From: Cornelia Huck <cohuck@redhat.com>
To: Kashyap Chamarthy <kchamart@redhat.com>,
David Hildenbrand <david@redhat.com>
Cc: kvm@vger.kernel.org, pbonzini@redhat.com, dgilbert@redhat.com,
vkuznets@redhat.com
Subject: Re: [PATCH] docs/virt/kvm: Document running nested guests
Date: Fri, 7 Feb 2020 16:46:53 +0100 [thread overview]
Message-ID: <20200207164653.28849ef0.cohuck@redhat.com> (raw)

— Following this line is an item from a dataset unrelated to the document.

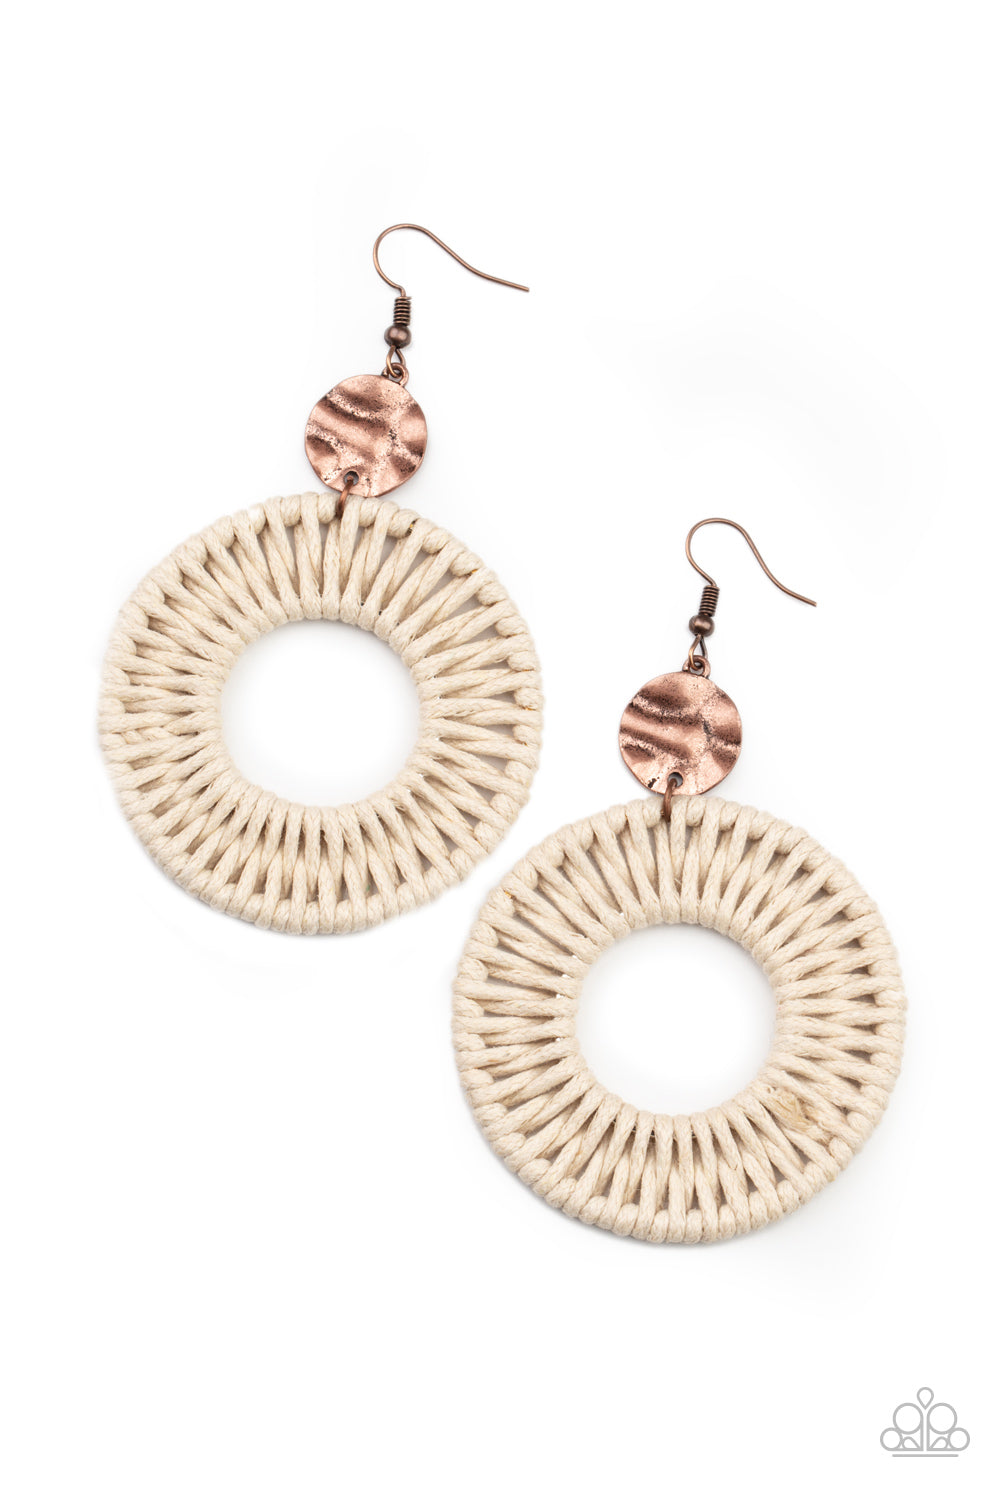 Total Basket Case Earrings - Copper

In-Reply-To: <20200207153002.16081-1-kchamart@redhat.com>
On Fri, 7 Feb 2020 16:30:02 +0100
Kashyap Chamarthy <kchamart@redhat.com> wrote:
> This is a rewrite of the Wiki page:
>
> https://www.linux-kvm.org/page/Nested_Guests
Thanks for doing that!
>
> Signed-off-by: Kashyap Chamarthy <kchamart@redhat.com>
> ---
> Question: is the live migration of L1-with-L2-running-in-it fixed for
> *all* architectures, including s390x?
> ---
> .../virt/kvm/running-nested-guests.rst | 171 ++++++++++++++++++
> 1 file changed, 171 insertions(+)
> create mode 100644 Documentation/virt/kvm/running-nested-guests.rst
FWIW, there's currently a series converting this subdirectory to rst
on-list.
>
> diff --git a/Documentation/virt/kvm/running-nested-guests.rst b/Documentation/virt/kvm/running-nested-guests.rst
> new file mode 100644
> index 0000000000000000000000000000000000000000..e94ab665c71a36b7718aebae902af16b792f6dd3
> --- /dev/null
> +++ b/Documentation/virt/kvm/running-nested-guests.rst
> @@ -0,0 +1,171 @@
> +Running nested guests with KVM
> +==============================
I think the common style is to also have a "===..." line on top.
> +
> +A nested guest is a KVM guest that in turn runs on a KVM guest::
> +
> + .----------------. .----------------.
> + | | | |
> + | L2 | | L2 |
> + | (Nested Guest) | | (Nested Guest) |
> + | | | |
> + |----------------'--'----------------|
> + | |
> + | L1 (Guest Hypervisor) |
> + | KVM (/dev/kvm) |
> + | |
> + .------------------------------------------------------.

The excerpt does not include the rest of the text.